I suppose it's the music that really sinks the film. It's really terrible, sub-1980s hair metal, awful stuff that wouldn't have gotten on the radio even in the darkest hours of that bad-music decade. It's painfully bad. It hurt my feelings. For some reason, I think that the filmmakers thought the music was good, because large swaths of the movie are basically music videos, in which the terrible band puts on a terrible show. One particularly bad song, "Cassie's Song," is played three times during the course of the film, in addition to one a capella rendition.
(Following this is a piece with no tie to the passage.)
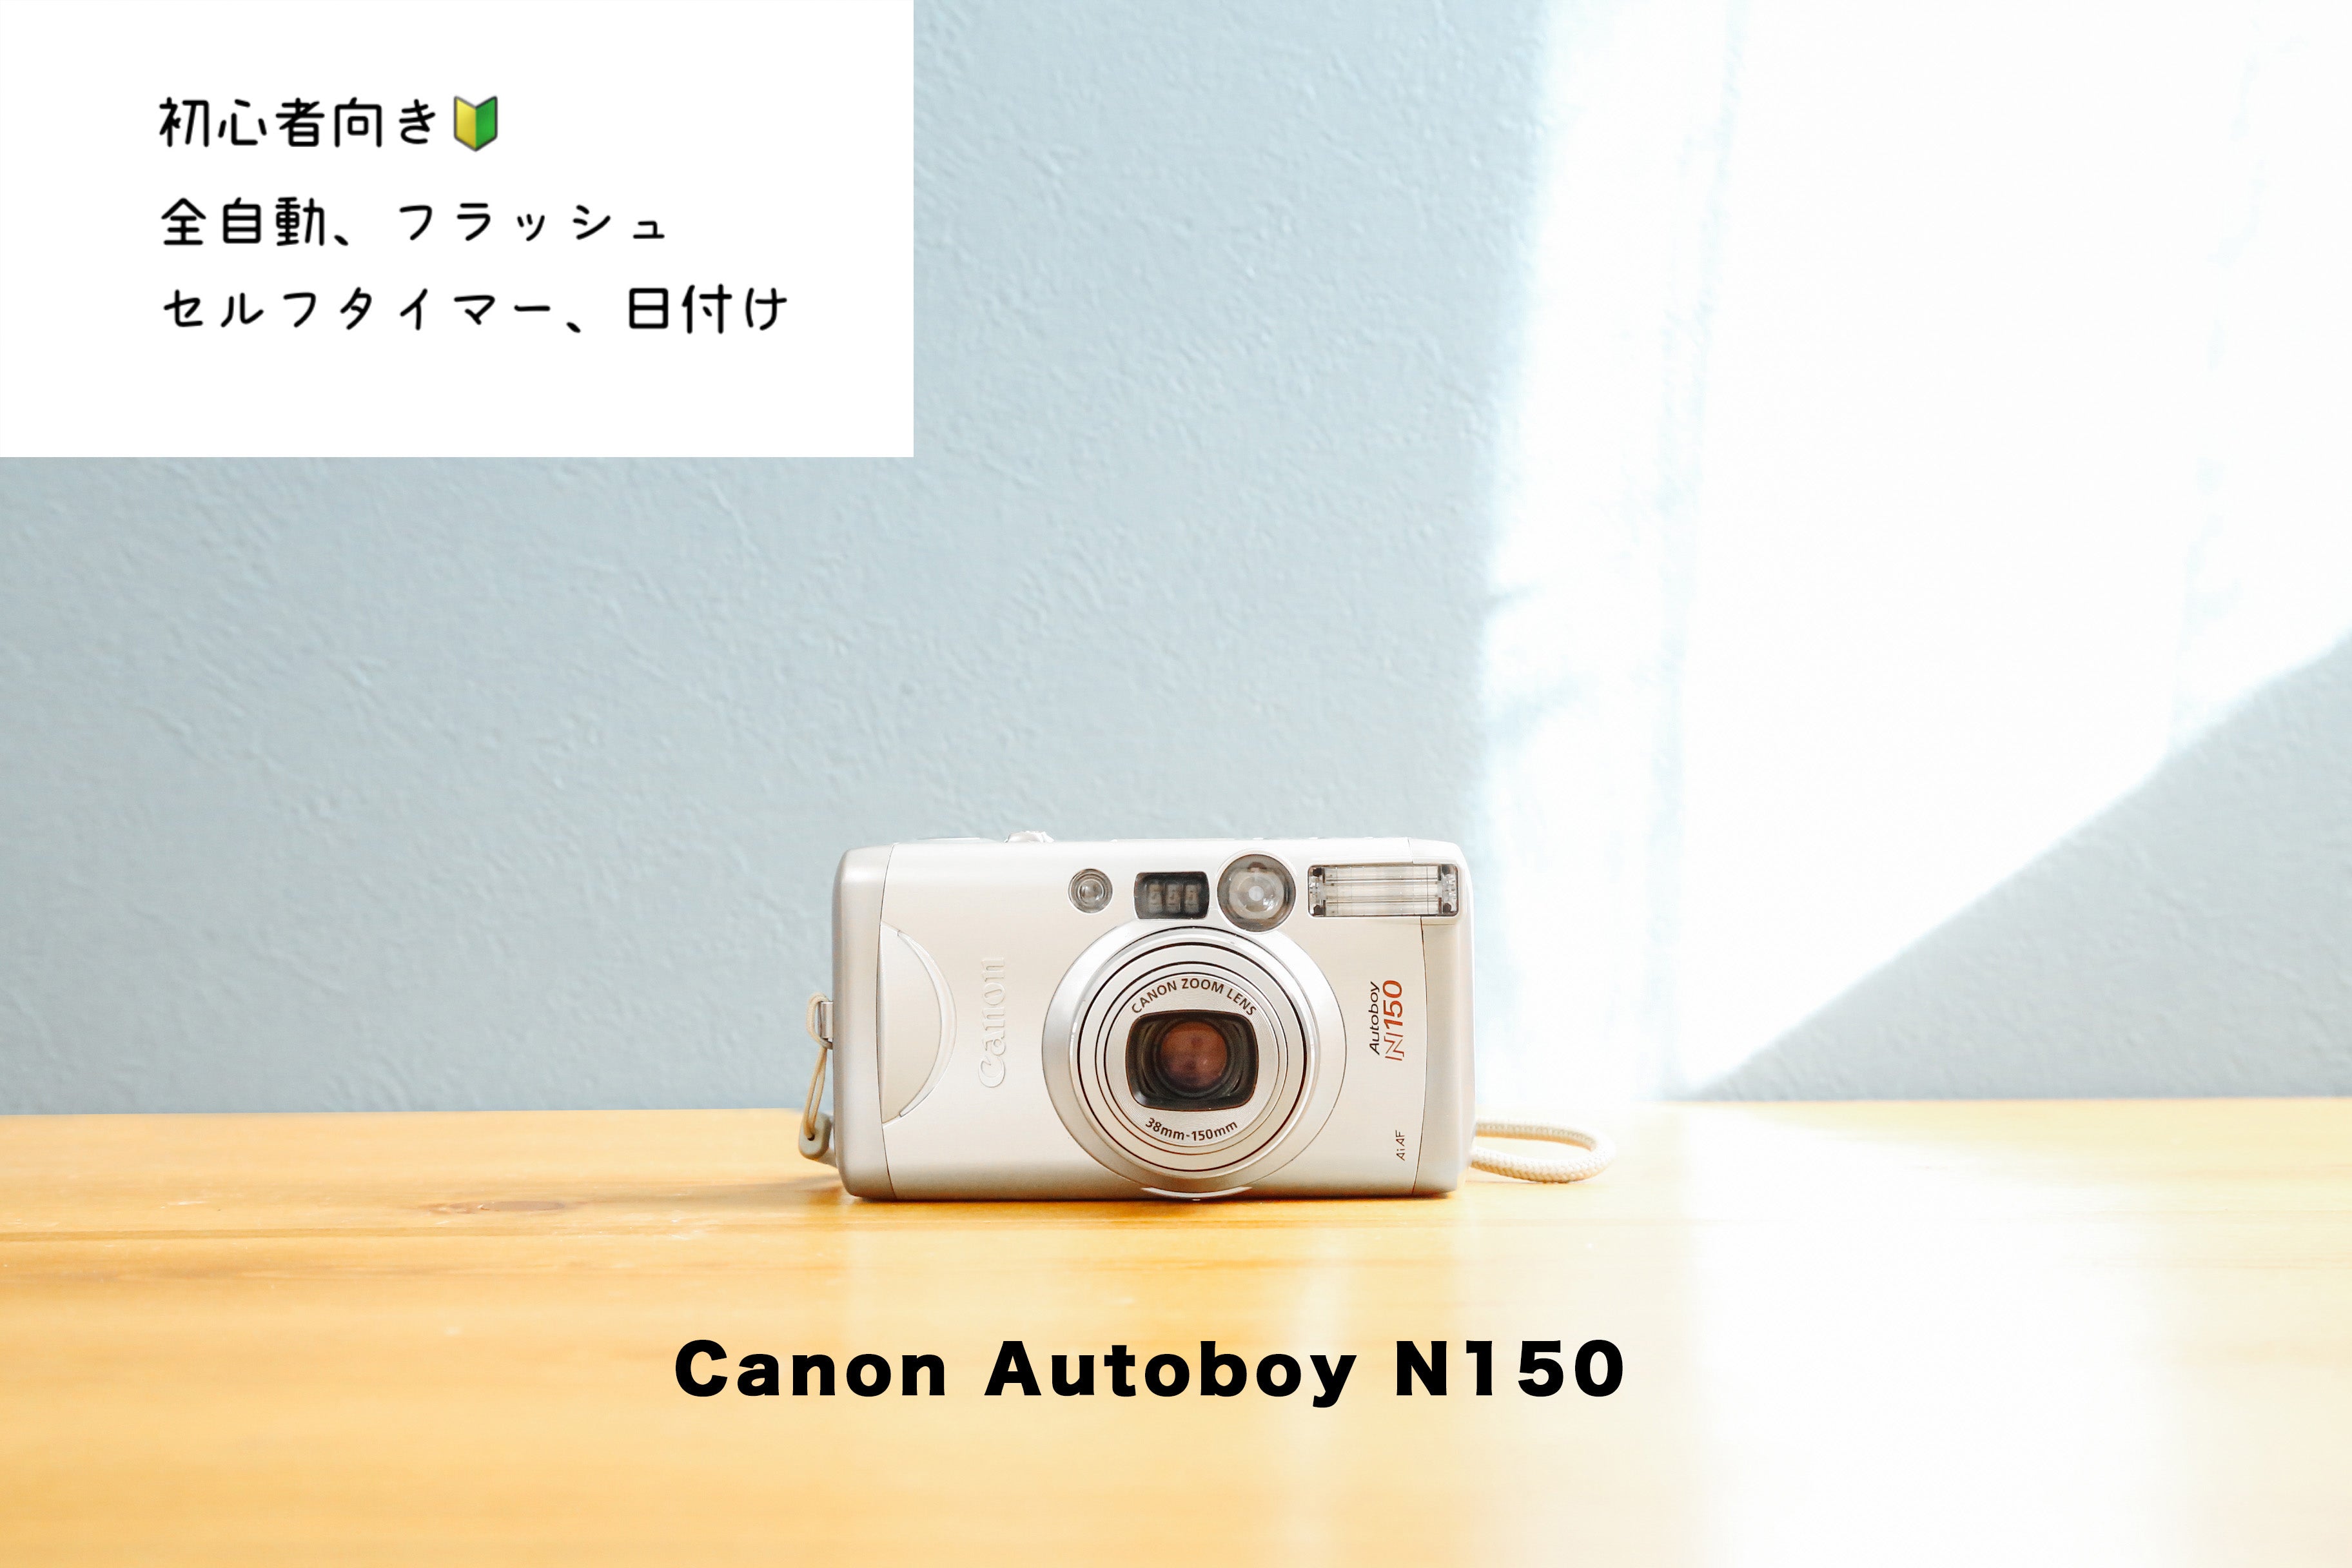 CANON AUTOBODY N150 動作確認済みフィルムカメラ #321

The film follows the exploits of an unnamed hair-metal band. Jessie (E.J. Curcio) and his bandmates are touring somewhere rural (it looks southern, but I think it was supposed to be California), where they play bad music to people who look like the cast of redneck John Hughes films. They are a high-energy band, and they won't be put off by dire warnings from mysterious prepubescent girls with Groucho Marx eyebrows. When one such girl, Cassie (Jennifer Coe) warns Jessie to avoid her crazy town, he ignores her, because he loves her. Sounds about right.

Anyway, the band travels to the town in question and stages a high-energy but really ridiculous sort of musical montage, during which they clown around and interact with admiring women while ugly men in stained shirts look disapprovingly on. They're quickly thrown in jail, but just as quickly bailed out by the weirdest family this side of The Texas Chain Saw Massacre. The family consists of a mysterious woman (Lisa Toothman) who looks like she crawled off Whitesnake's car in a music video, an old woman (Susan Prevatte) who really likes sex but turns into a werewolf sometimes, one small person who looks relatively normal, one small person who looks like an accident at the Goonie factory, and Adolph Hitler (Jack Bliesener), who plans to take over the world. We've heard that noise before, Adolph.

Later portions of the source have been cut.